## GIVEN INFORMATION:
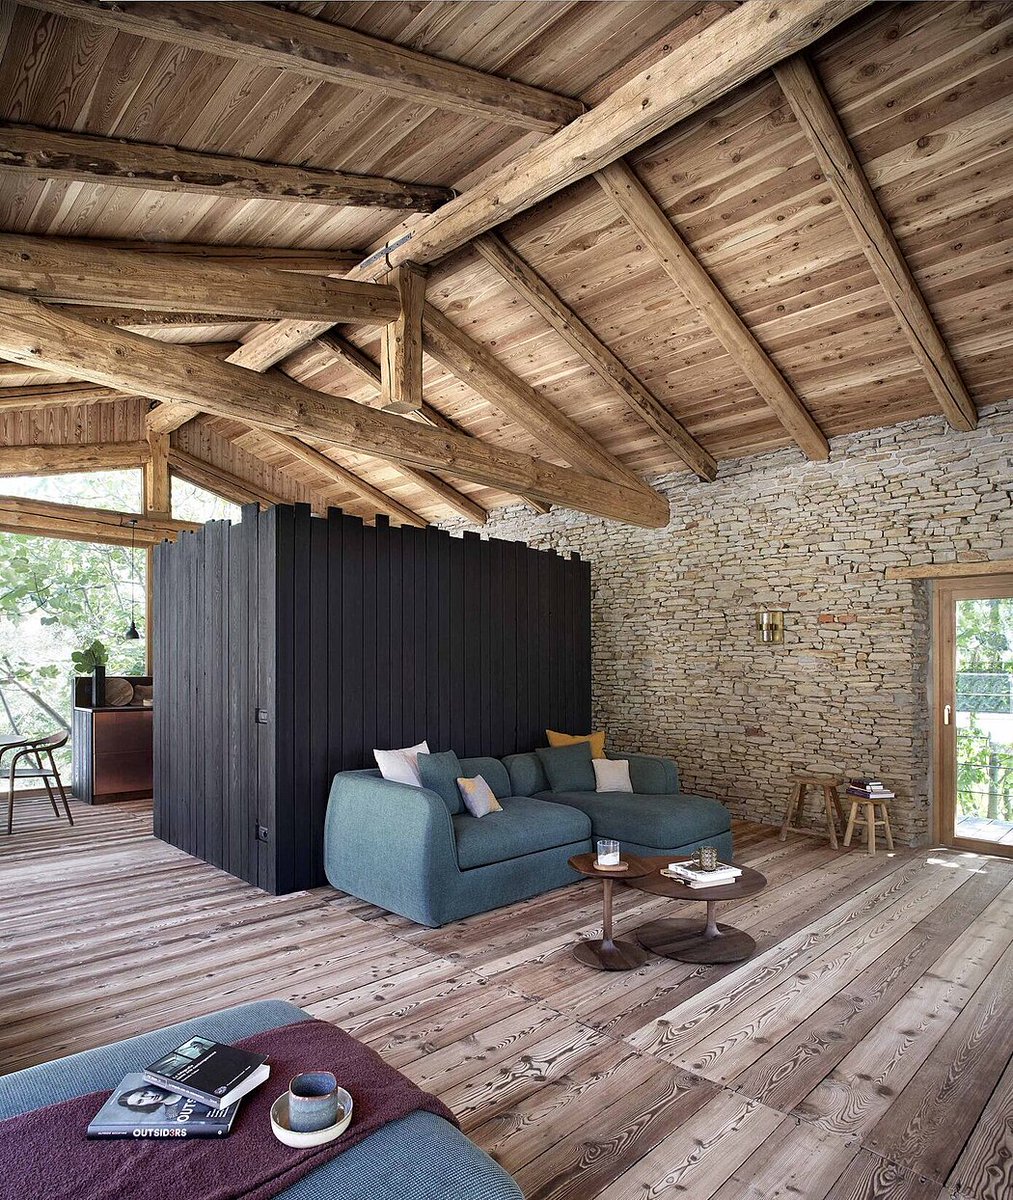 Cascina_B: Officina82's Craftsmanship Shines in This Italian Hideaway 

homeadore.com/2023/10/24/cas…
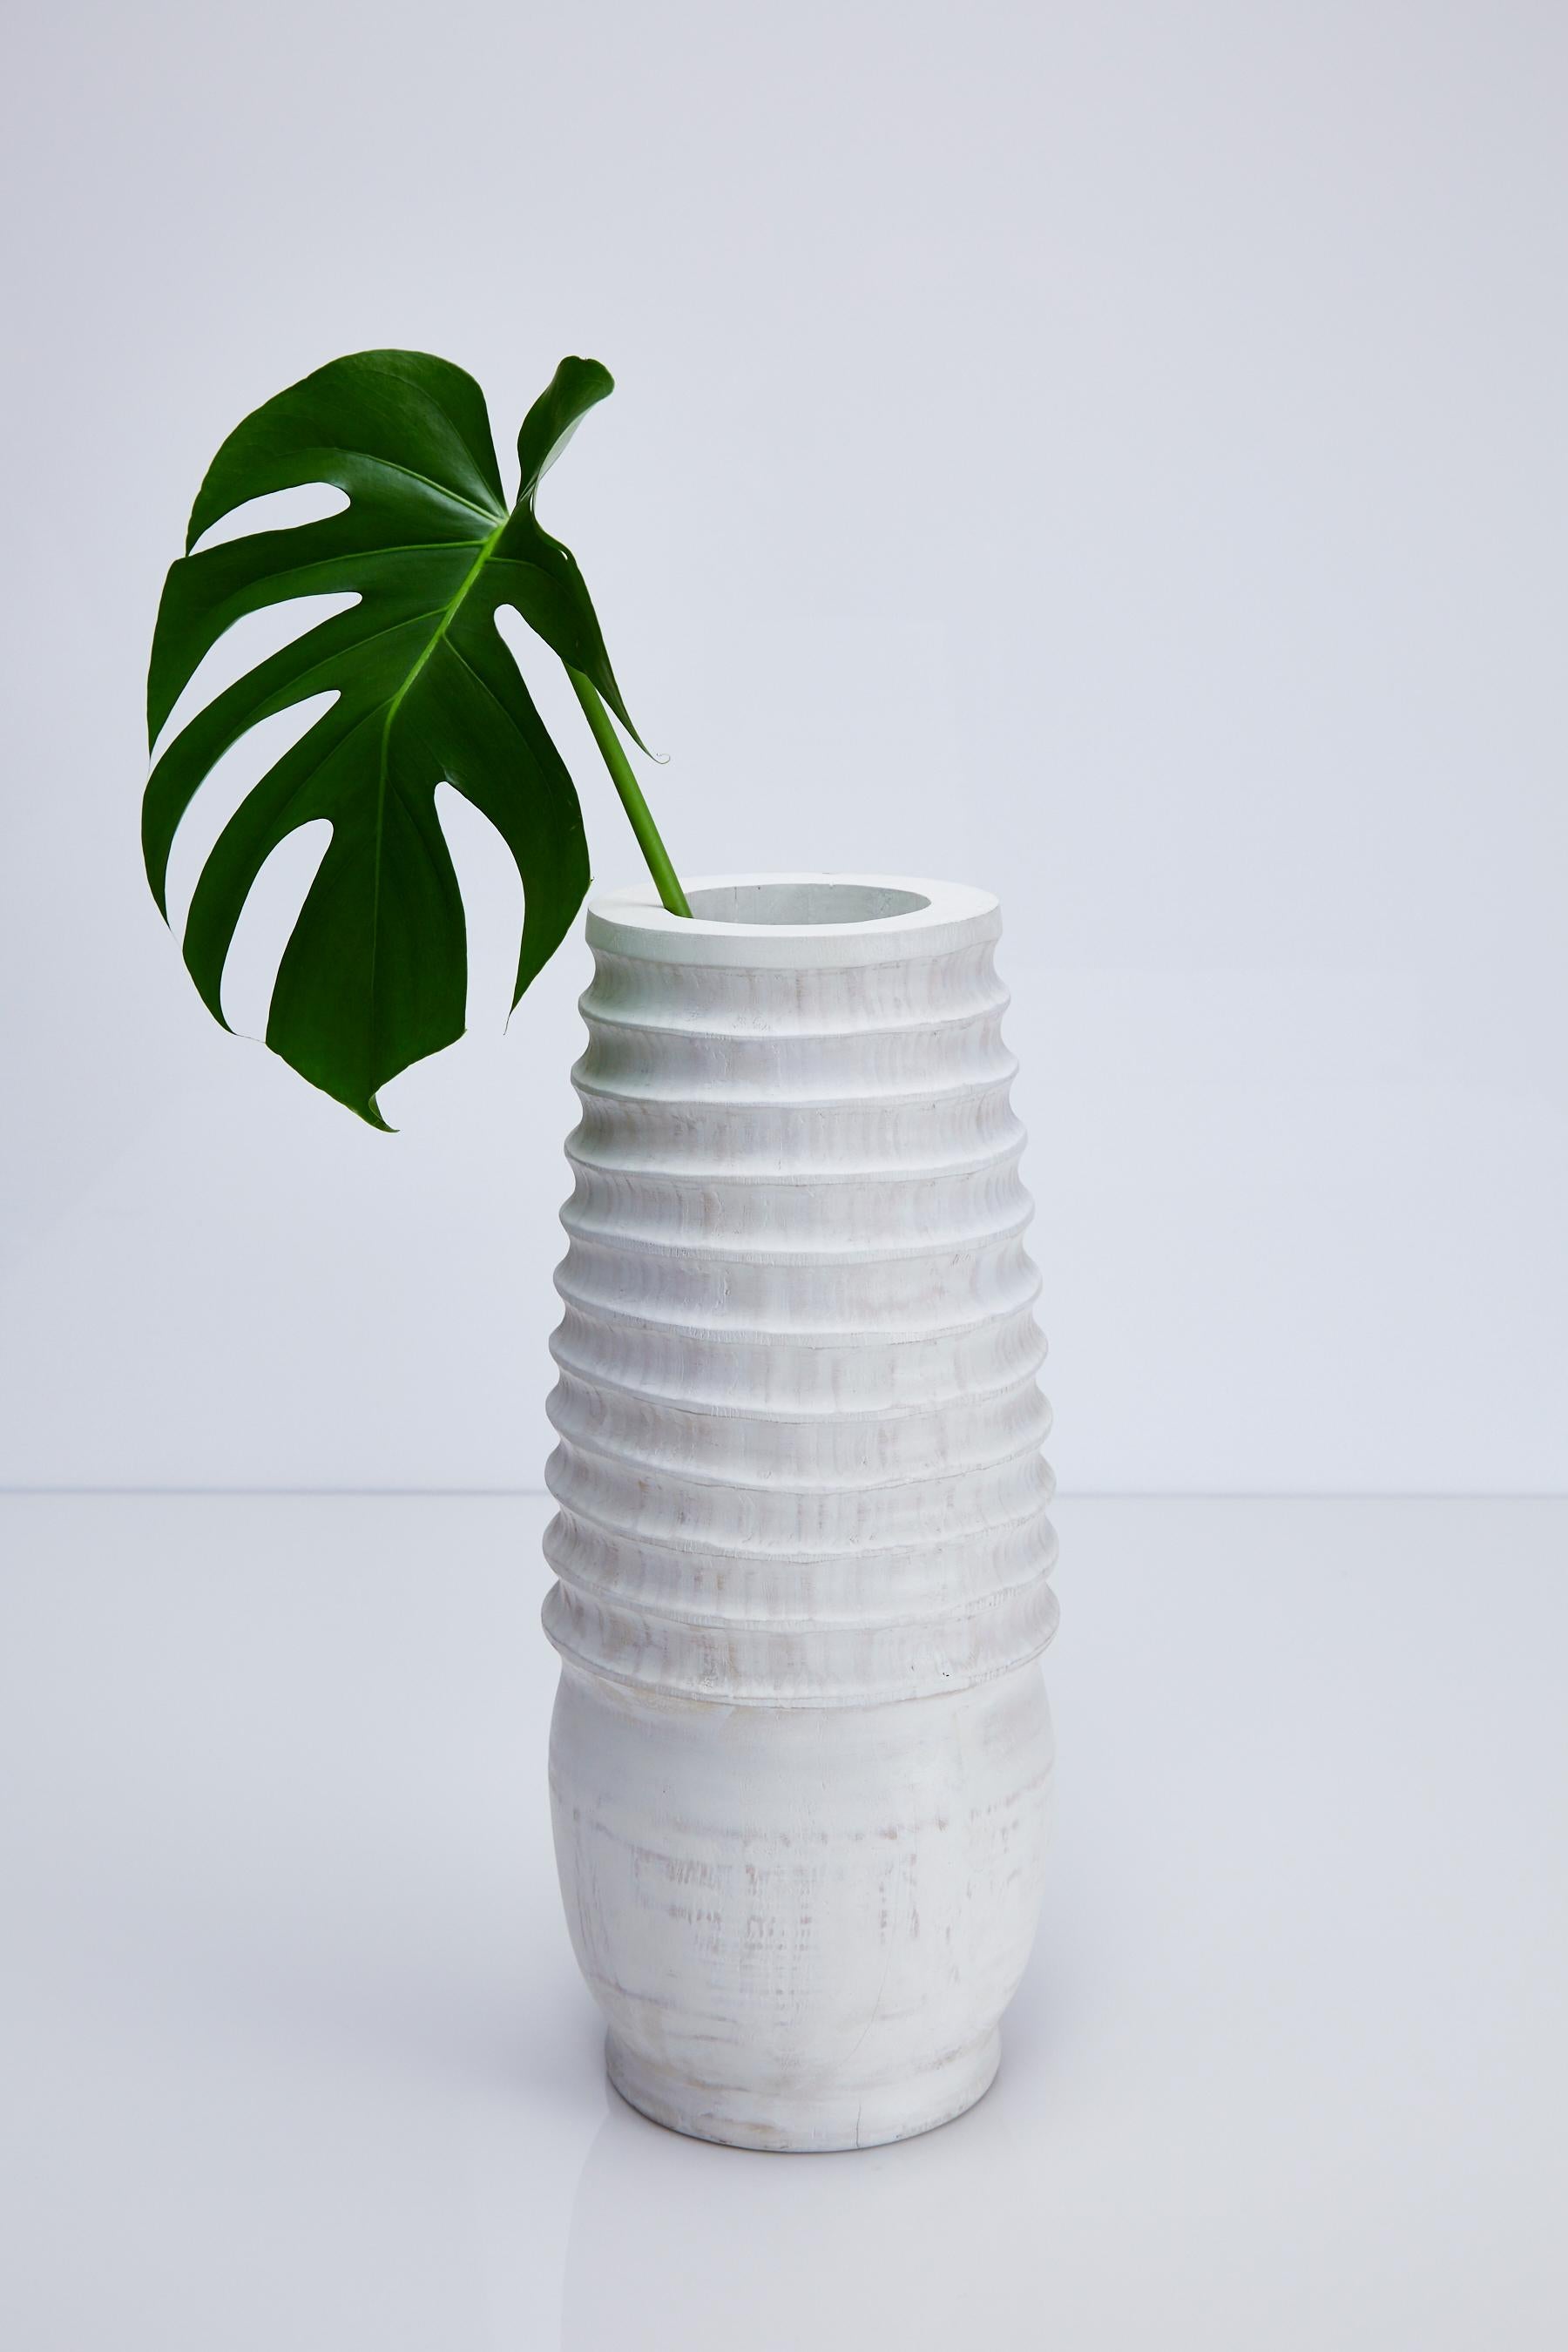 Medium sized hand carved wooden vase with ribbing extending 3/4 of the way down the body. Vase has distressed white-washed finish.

## WHAT NEEDS TO BE DONE:
Leaving out only the pictures, return the material above unchanged.

## REPLY TO THE TASK:
 Cascina_B: Officina82's Craftsmanship Shines in This Italian Hideaway 

homeadore.com/2023/10/24/cas…
 Medium sized hand carved wooden vase with ribbing extending 3/4 of the way down the body. Vase has distressed white-washed finish.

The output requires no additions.